Ruffin refuse de se compromettre plus longtemps avec un monde qu'il honnit. Il n'en est pas, il le dit et prévient que les dix-sept feront du bruit comme 350, forts du sentiment que leur bande organisée est le peuple et que la masse se reconnaît en eux, selon l'idée qu'ils s'en font.

Lutte des classes, le retour

Le néo-député de la Somme ne reconnaît pas François Goullet de Rugy comme son égal en Républiquesur son flanc droit, quelques minutes avant qu'il ne soit désigné président élu de l'Assemblée. 
Ce primo-arrivant ne voit pas dans le seigneur de Rugy un député comme les autres, après dix années passées au service de la nation, mais un ennemi de classe. Il ne le considère moins comme un élu partageant la même légitimité, mais comme un agent de l'oligarchie.  
Ruffin porte le même regard de rejet sur les autres députés, LREM, LR, PS et autres qui ont fait allégeance au nouveau quatrième personnage de l'Etat. Si l'Etat, c'est Macron 1er,  le peuple, c'est Ruffin. Et il n'a que mépris pour les oligarques et les puissances d'argent, des marionnettes aux mains du banquier Macron.
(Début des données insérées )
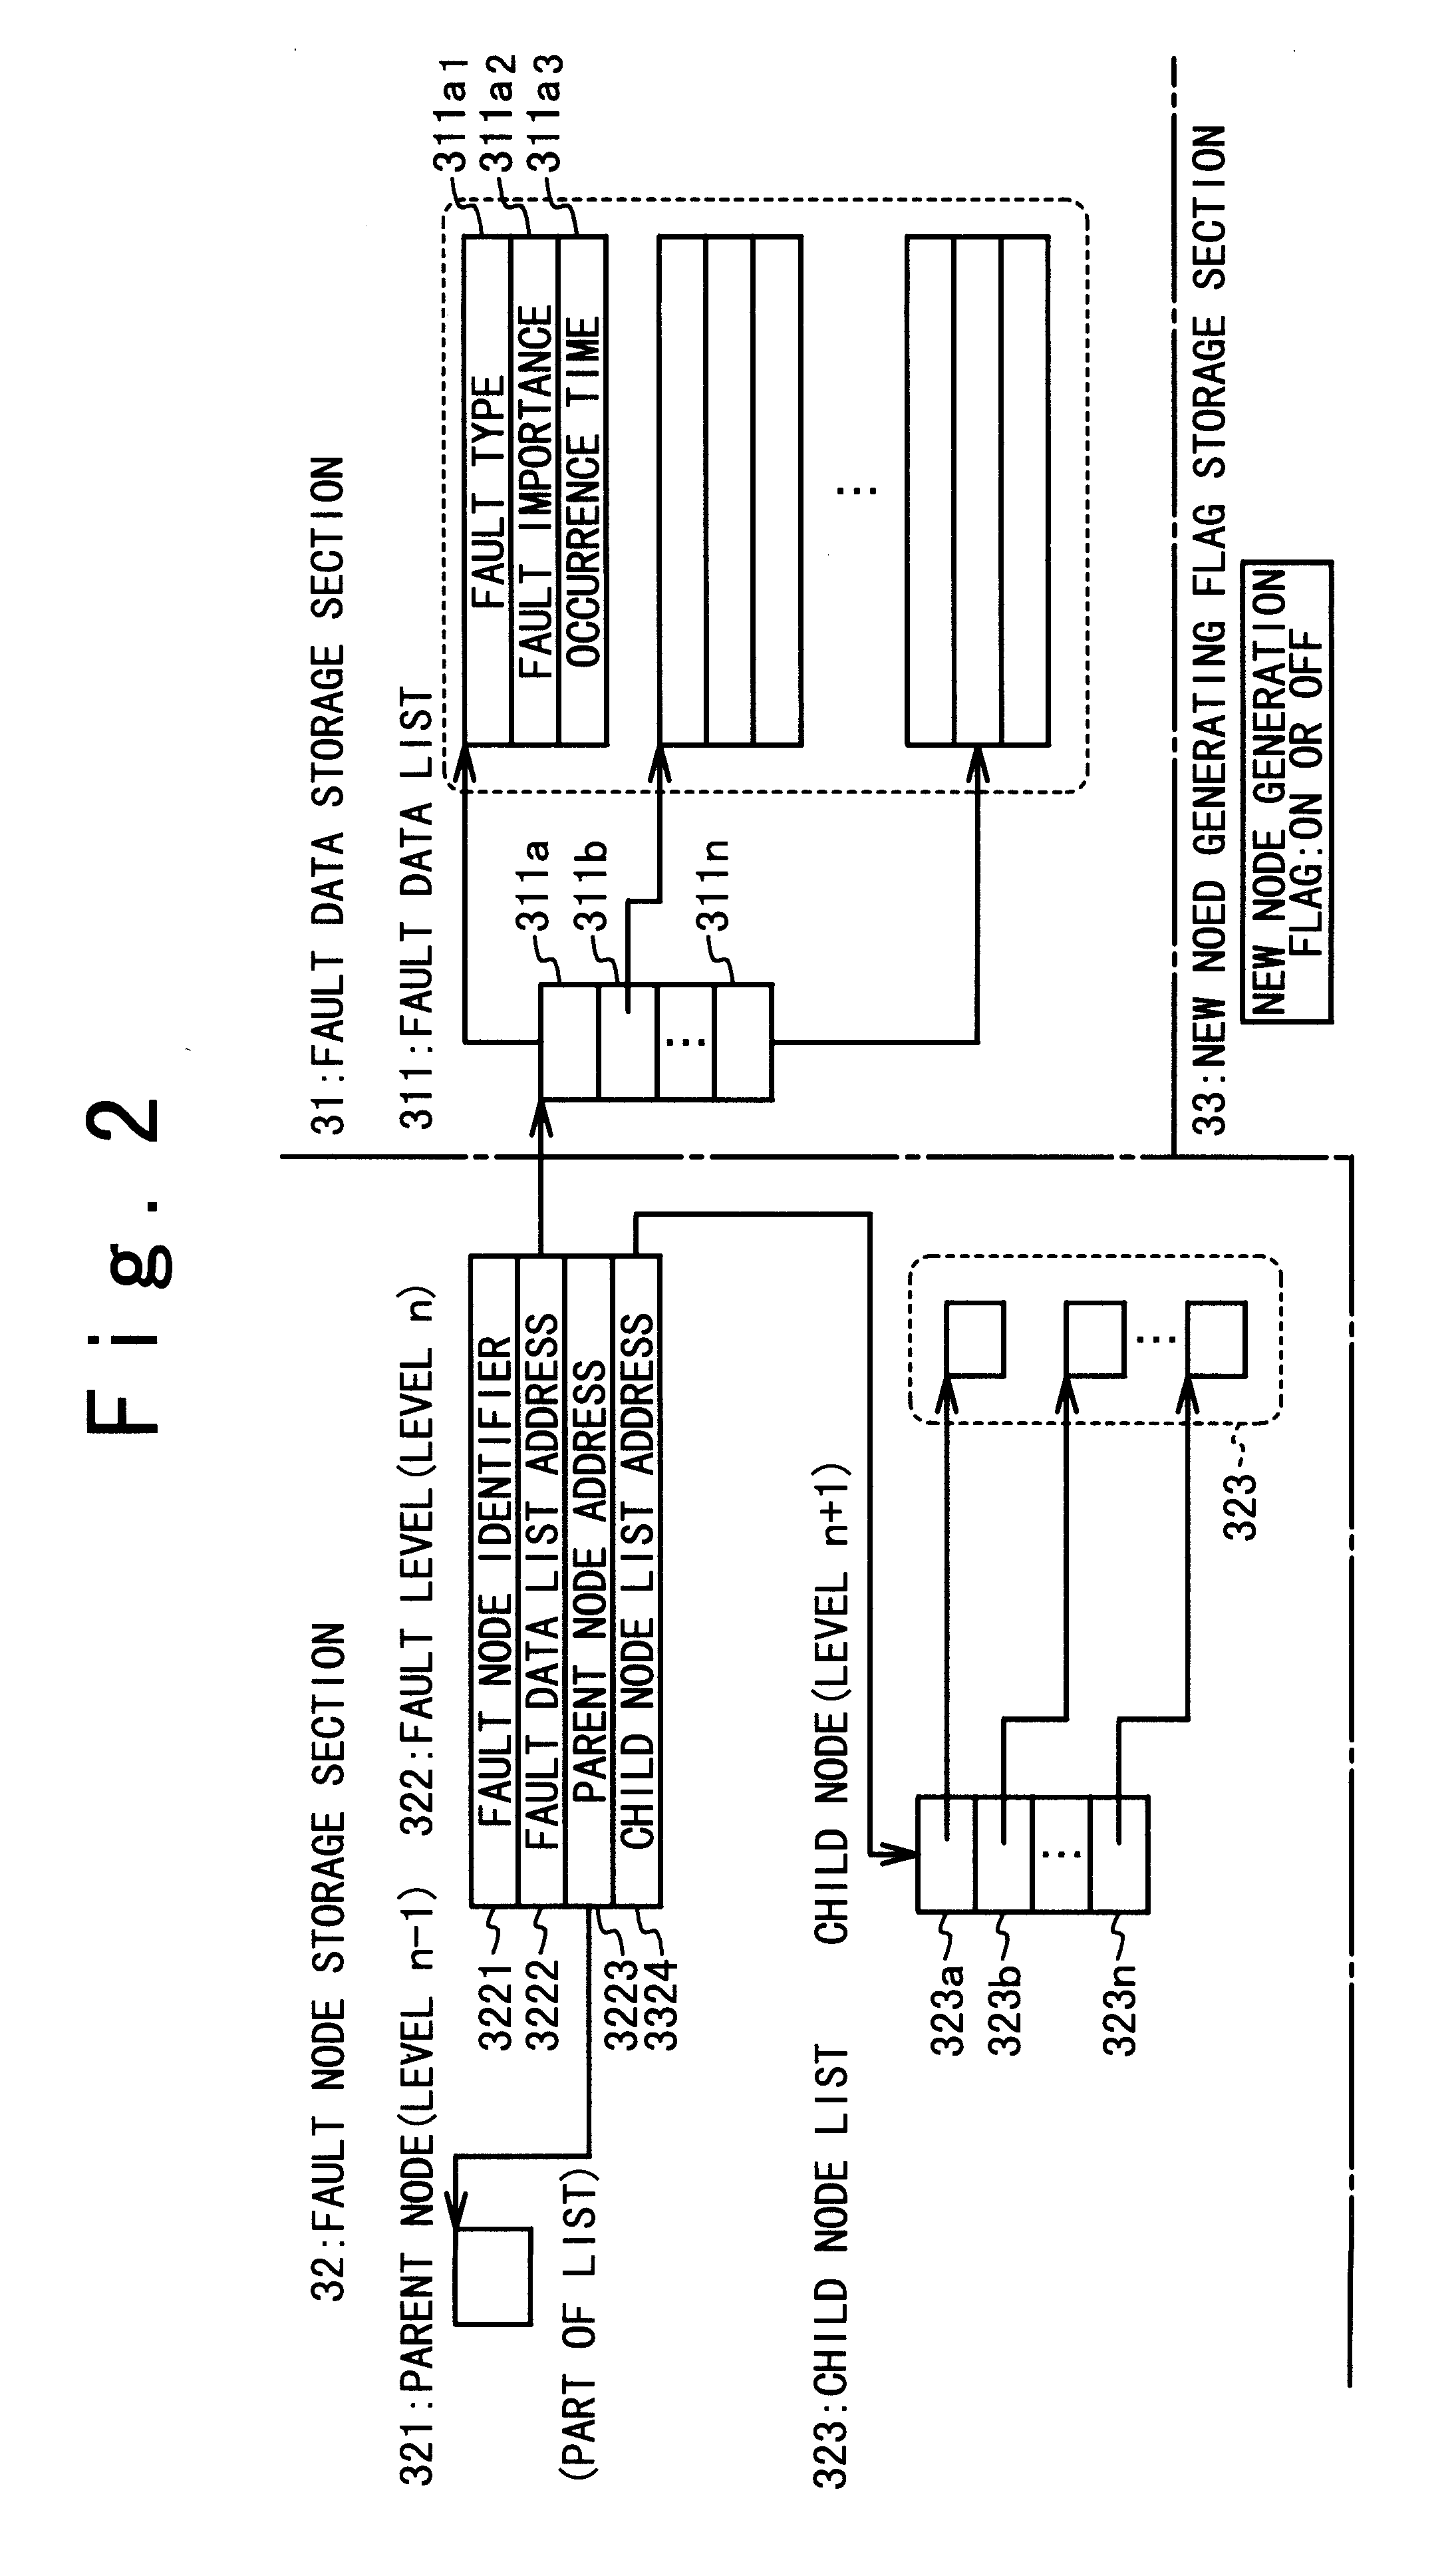 Network fault information management system in which fault nodes are displayed in tree form

Conclusion : leur légitimité est nulle.

F. Ruffin n'est pas un rigolo inoffensif et sa posture, une pantalonnade. 
Son pied de nez est une resucée du doigt d'honneur d'un député socialiste entré au Palais Bourbon en bleu de travail, à la fin des années 90. Elu avec le soutien du Parti communiste français, d'Europe Écologie Les Verts, de La France insoumise et des révolutionnaires d'Ensemble (Les Alternatifs, des auto-gestionnaires, Convergences et alternative, la Fédération pour une alternative sociale et écologique, la Gauche anticapitaliste, une composante du NPA, une large majorité des militants de Gauche unitaire, une des trois forces politiques fondatrice du Front de gauche) !, le journaliste est porteur d'une lourde charge explosive  à fragmentation e haine. Le député de la Somme se croit investi de la mission révolutionnaire de remobilisation du peuple. Et pour reconstruire ce peuple, il lui faut abaisser l'image de l'Assemblée nationale, donner à penser que leurs représentants ne sont pas des élus du peuple, mais quelque chose entre forces de l'argent et forces du mal.
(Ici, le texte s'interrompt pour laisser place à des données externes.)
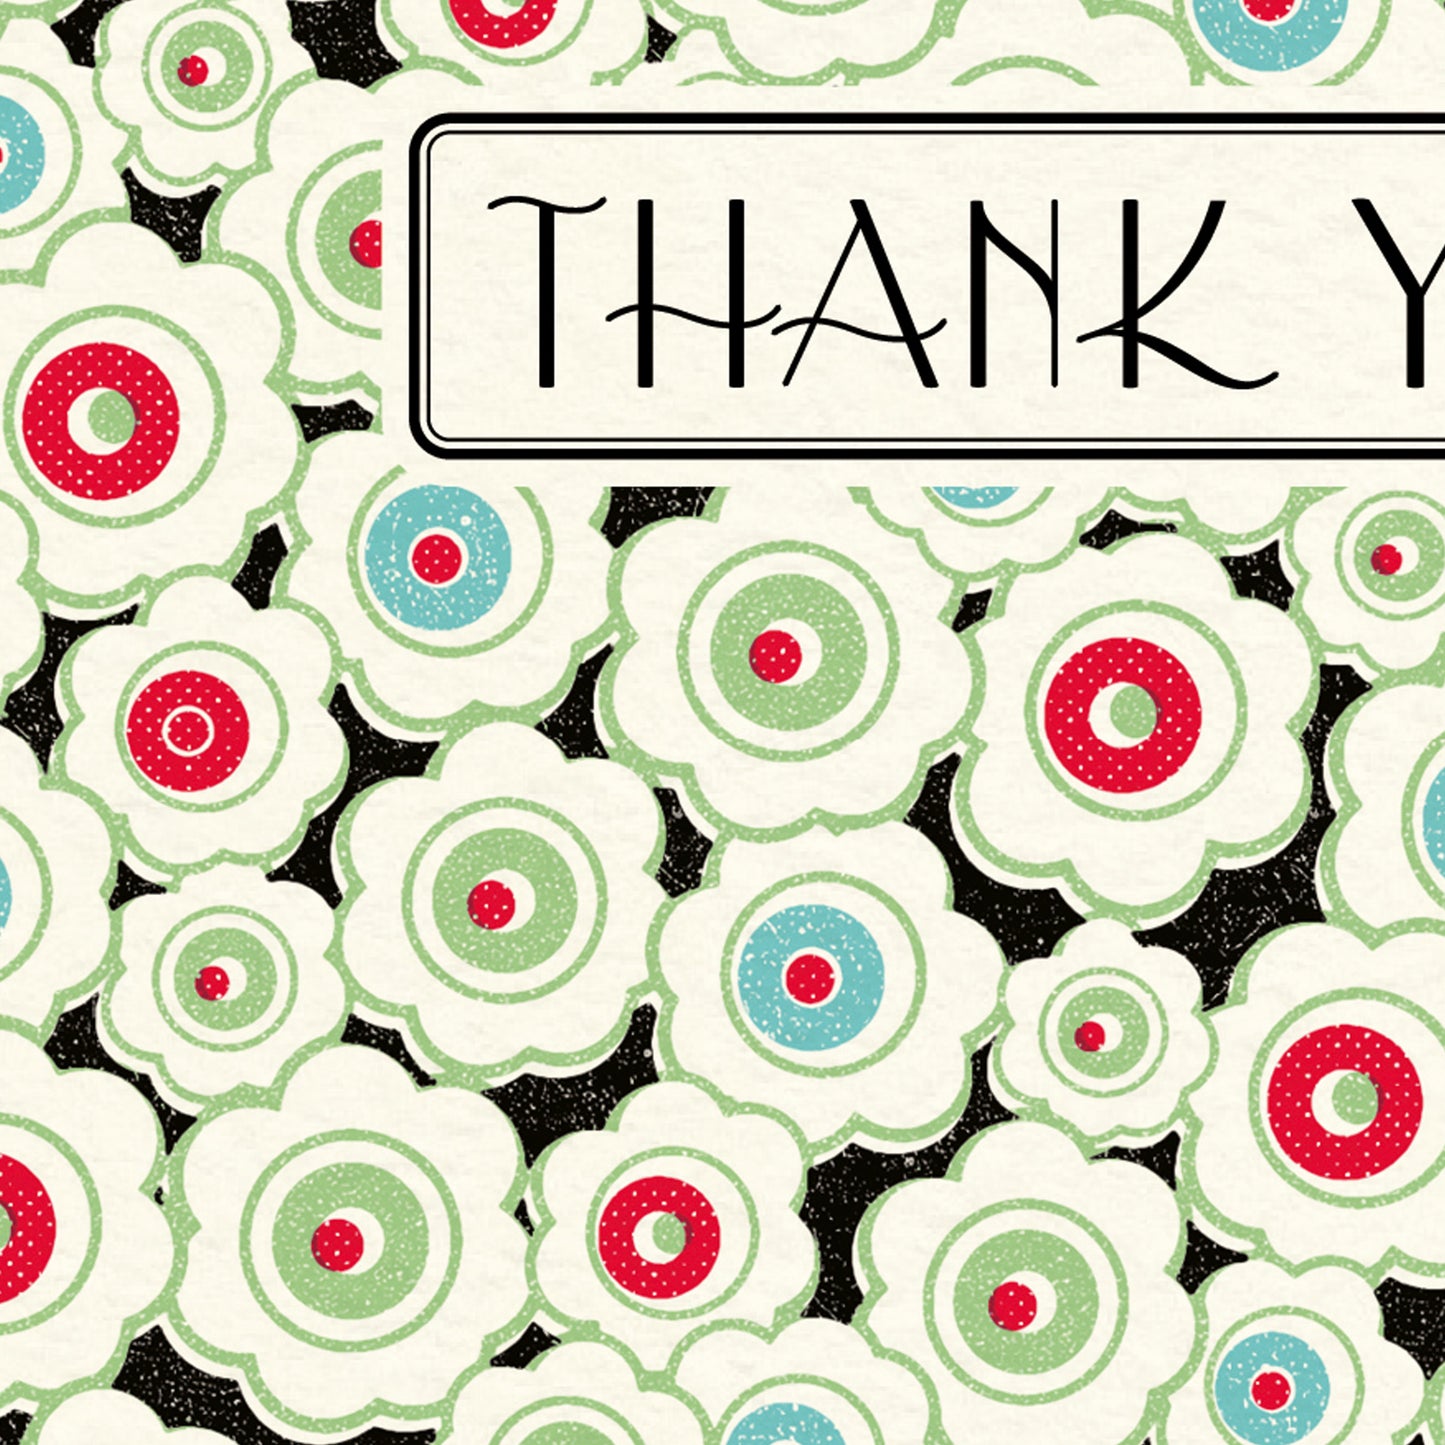 Just Thanks: Deco Floral

Ce mercredi matin sur Europe 1, Jean-Luc Mélenchon n’a pas dit autre chose. 
La polémique sur l’absence de cravates pour la séance inaugurale de la législature porte bien au-delà du débat sur le respect du règlement et des usages en cours depuis un siècle et demi au Palais Bourbon. L’objectif n’est pas de casser des codes pour se faire repérer par les caméras, mais de donner le signal de la grande casse du système au coeur même du législatif. Daesh aussi ambitionne de mettre le chaos dans le monde occidental.
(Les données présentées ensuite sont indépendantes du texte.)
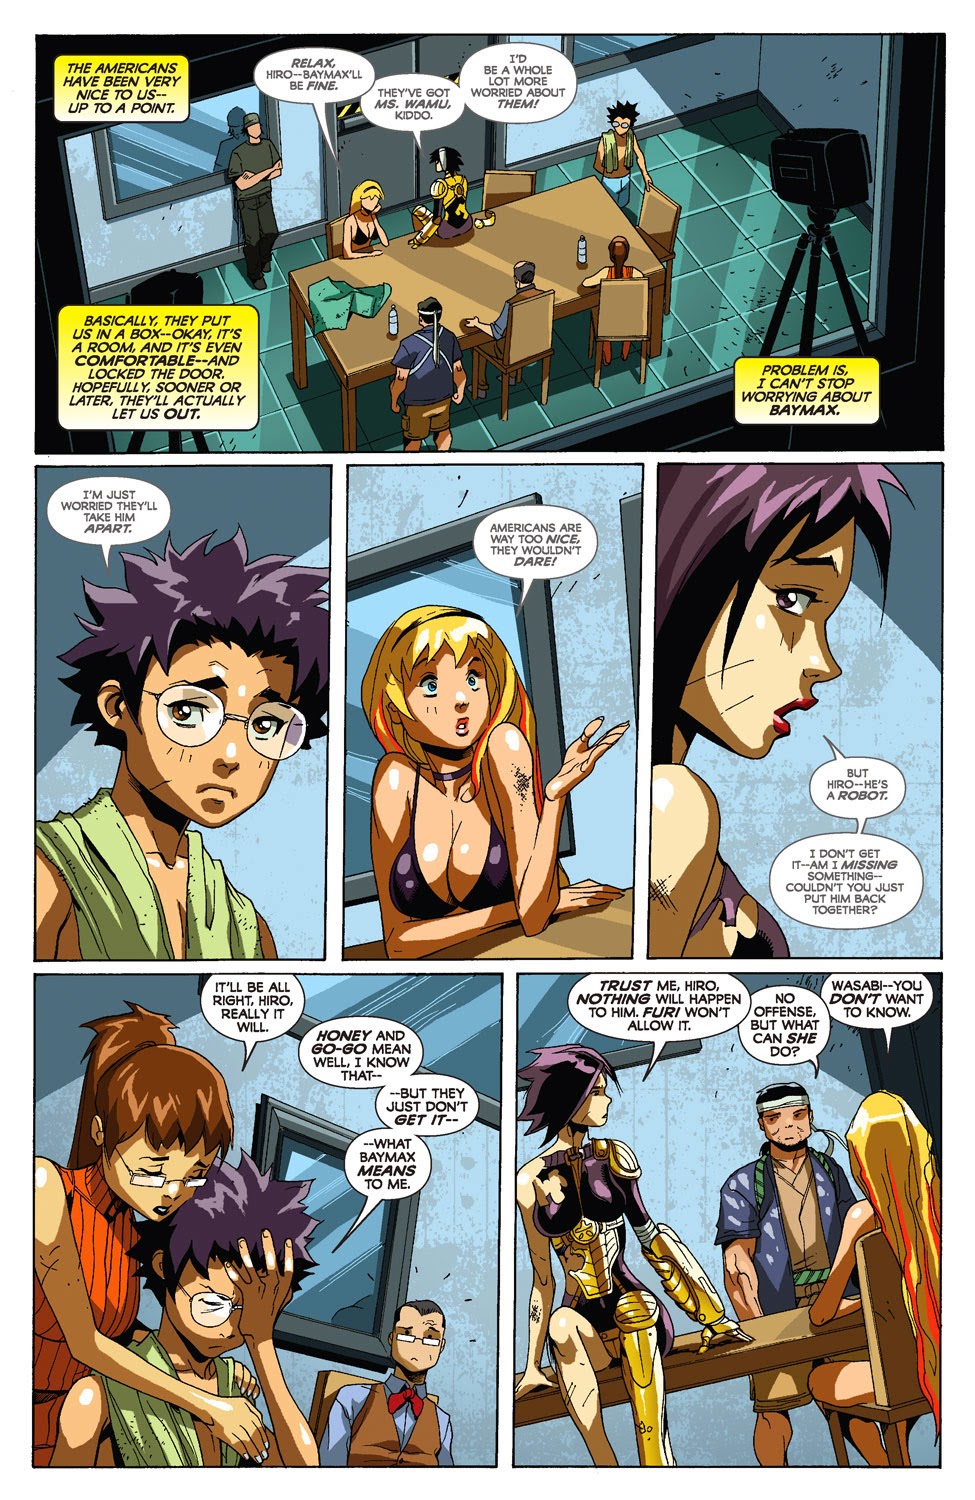 Big Hero 6 05 Of 05 2009 | Read Big Hero 6 05 Of 05 2009 comic online in  high quality. Read Full Comic online for free - Read comics online in high  quality .

"La question des codes vestimentaires a été portée par notre camp. Par exemple par le Tiers-État lors des États généraux," a déclaré Jean-Luc Mélenchon. Le président du groupe parlementaire le plus extrémiste à gauche, La France insoumise (LFI), dénonce une Assemblée où, à l’image des Etats généraux de l’Ancien régime, tous les élus ne sont pas égaux en droit et en représentation.

Mélenchon n'est pas totalement cohérent, car les députés du Tiers-Etat se sont battus en leur temps pour imposer l’égalité entre députés et représentants de la Nation, tandis que lui et ses semblables entrent désormais en lutte pour tenter d'accréditer l'idée qu’ils sont mieux habilités à représenter le peuple que les autres élus de la Nation. Clivage, fractures et blessures sont au programme en vue d'imposer la VIe République, celle des élus des vrais gens et du vrai peuple, par le biais de la proportionnelle, machine à diluer le pouvoir, et retour au passé, celui de la IVe République, ingérable et chaotique, qui avait mis le pays sur le flanc. 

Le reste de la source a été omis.